Make sure you include this in your sketch

#include <ESP8266WiFi.h>

Then add the following lines at the beginning of your setup()

  WiFi.disconnect();
  WiFi.mode(WIFI_OFF);
  WiFi.forceSleepBegin();
  delay(1);

It should totally disable ESP WiFi functions and basically you end up with an arduino nano.

BME280 is quite nice.
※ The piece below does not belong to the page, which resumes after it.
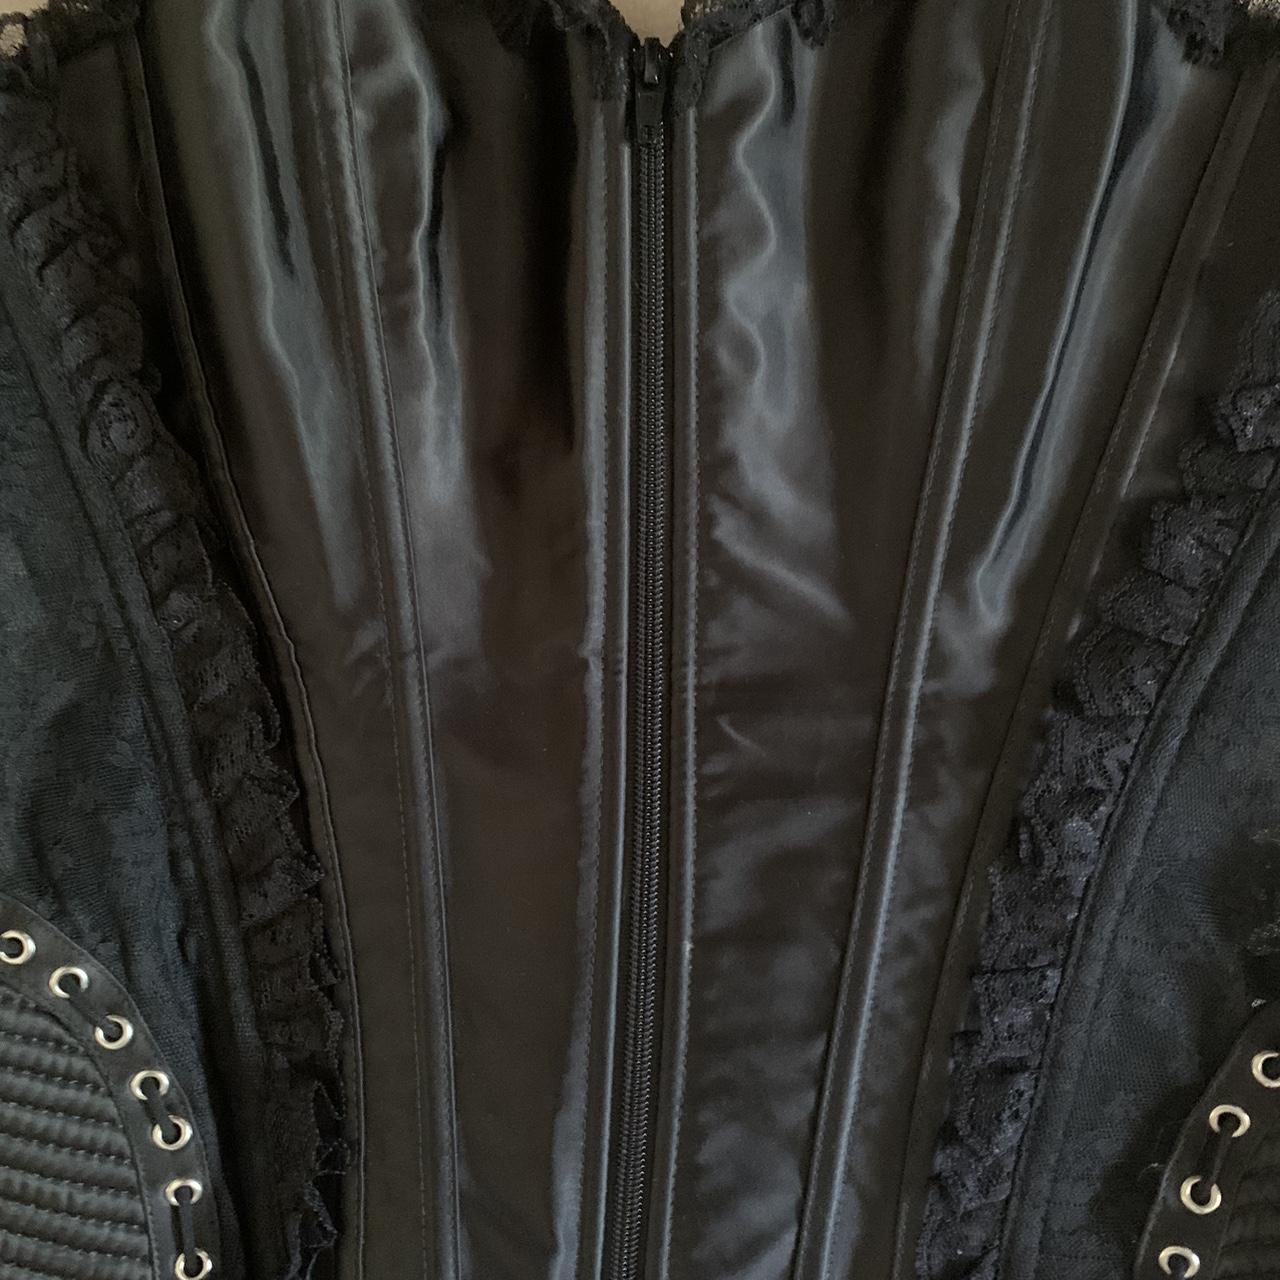 Satin and lace corset, black, excellent condition.... - Depop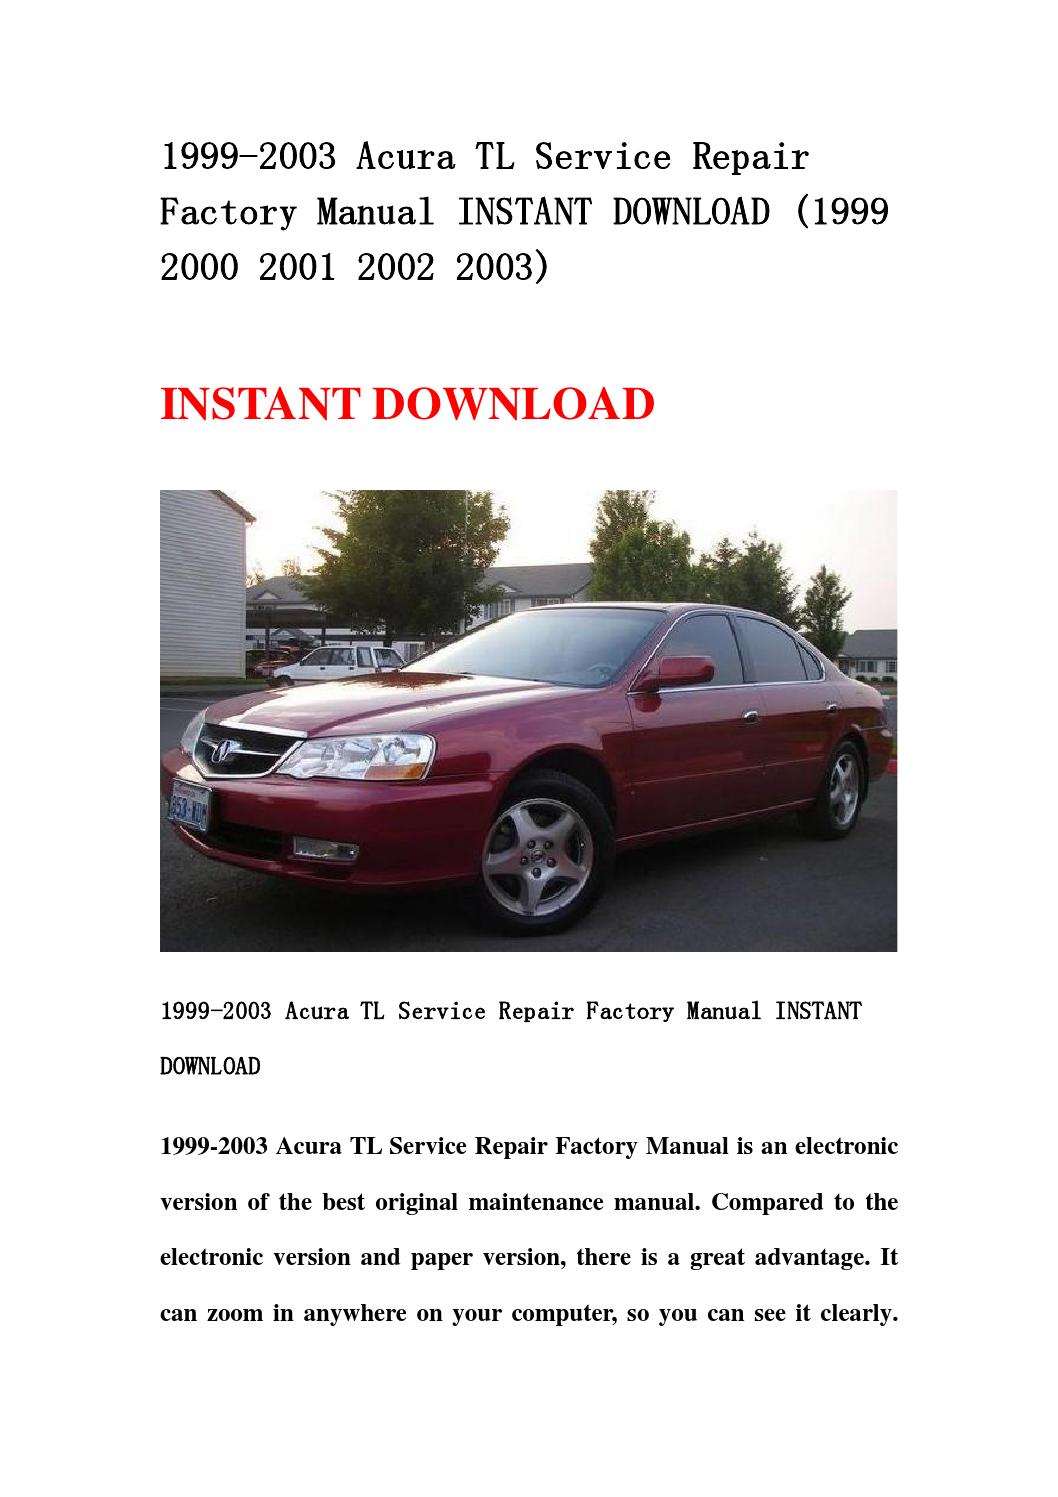 1999 acura tl service manual download repair manuals

I got one last year that I added to my gateway and it worked flawlessly since then.

If you remove the gateway/esp8266 top part you should be able to directly use code from https://github.com/emc2cube/MyWeatherGatewayESP8266 (which was updated from this one anyway)

I did.

Thanks!

In case someone ends up on this topic using the search function, PCB and code for using a 4-20mA sensor is available on https://forum.mysensors.org/topic/5508/mysfreezer

No I do not sell these assembled.
I think the only option on openhardware is DIY kit, but with the included Gerber files and BOM you should be able to have it assembled at a local fab house.

For notifications, mine is actually linked to IFTTT using a script in domoticz, but basically you can use any notification functions used in your controller.

Are you using a BMP280 (temp + pressure) or as you linked a BME280 (temp + hum + pressure)?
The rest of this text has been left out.